On Capitol Hill, those qualities may be restoring more than trust across the aisle. They are impelling what may turn out to be the most important result of this Congress: the renewal of what historian Joseph Ellis calls “the great achievement” of America’s constitutional design – its unique and uniquely frustrating sharing of power between the states and federal government.
While the Jan. 6 committee has drawn more public attention during the past year, small working groups in the House and Senate have been drafting reforms to an 1887 law called the Electoral Count Act. The law attempted to clarify the roles and authority of state governments and Congress in the conduct of choosing a president, a decade after the disputed presidential election of 1876. It spelled out how states were supposed to choose electors to the Electoral College based on the popular vote, and how Congress is supposed to count those slates of electors.
The statute provided the basis for the Supreme Court’s decision in Bush v. Gore to resolve the 2000 presidential election. It also provided the basis for disputing the 2020 results by giving Congress power to oppose electors if a member from both the House and Senate had reasons to question their legitimacy. Critics have long decried the law as unconstitutional.
Since January at least 16 senators have come together to redraft the law. Their proposals reflect more than a desire just to fix old and muddled English. The different versions would require significantly more than one member from each chamber to raise objections to slates of state electors. That may be an acknowledgment that Congress itself has some blame to bear for the events of Jan. 6.
“I think sometimes when the going gets tough we just say, ‘That’s too hard,’ and we retreat to the party messages,” Sen. Lisa Murkowski, the Alaska Republican, told CNN. “But we have got to get to the place where we understand one another. And you can’t get to understanding without listening.”

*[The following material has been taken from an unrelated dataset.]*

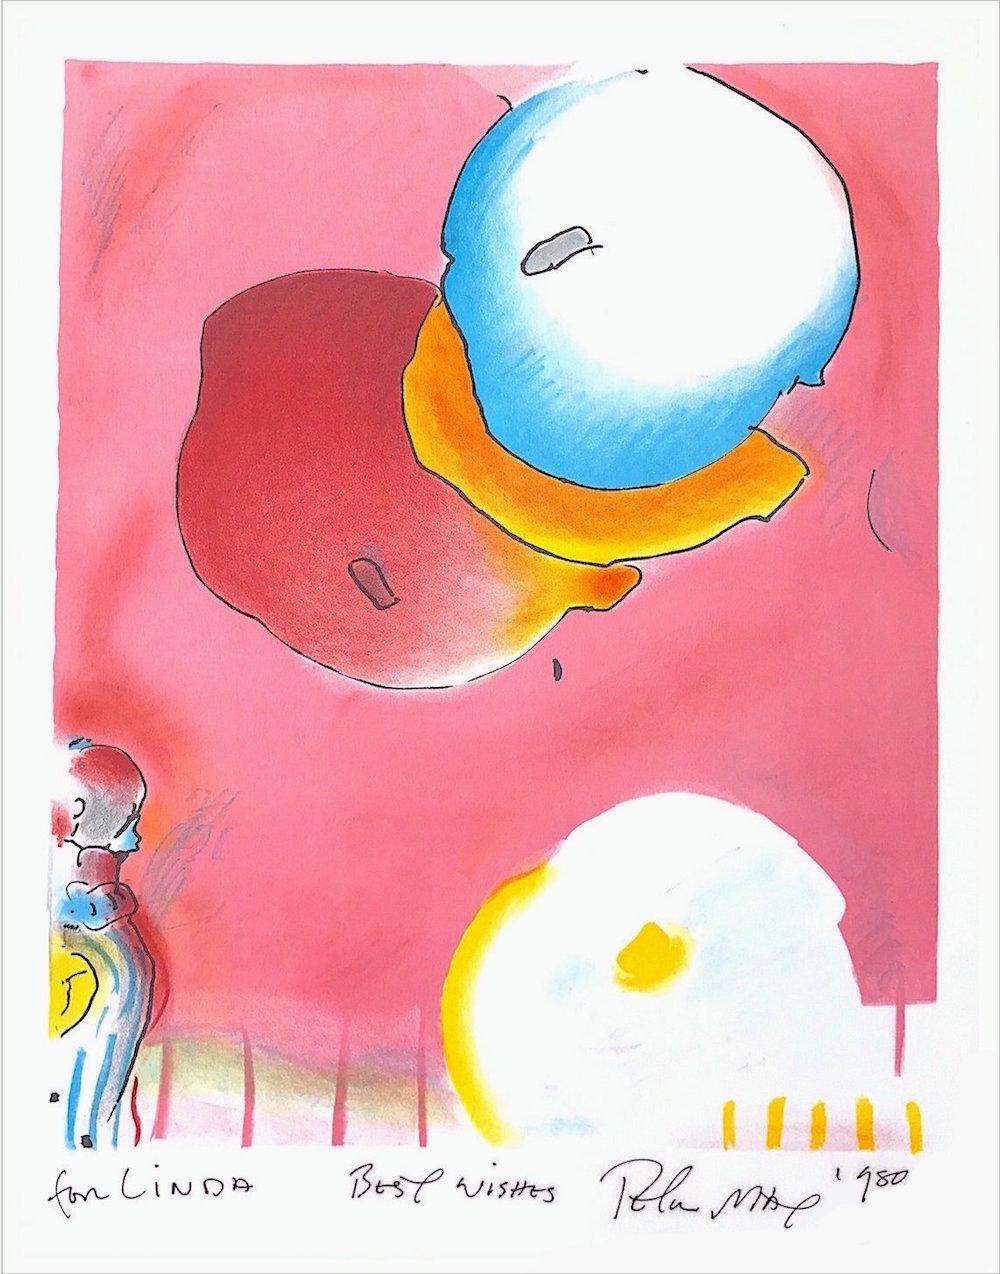 TWO FLOATING Signed Lithograph, Pop Art Abstract Balloons, Red Pink Blue Yellow

That sense of deference and civility may be why the push to reform the law is happening largely out of public view. It reflects what the framers of the Constitution may have had in mind when they rejected a system of consolidated power. That diffusion of authority between the states and federal government, argued Gouverneur Morris, a delegate to the Constitutional Convention from Pennsylvania, perpetuates an argument that can only be resolved through “the good faith of the parties.”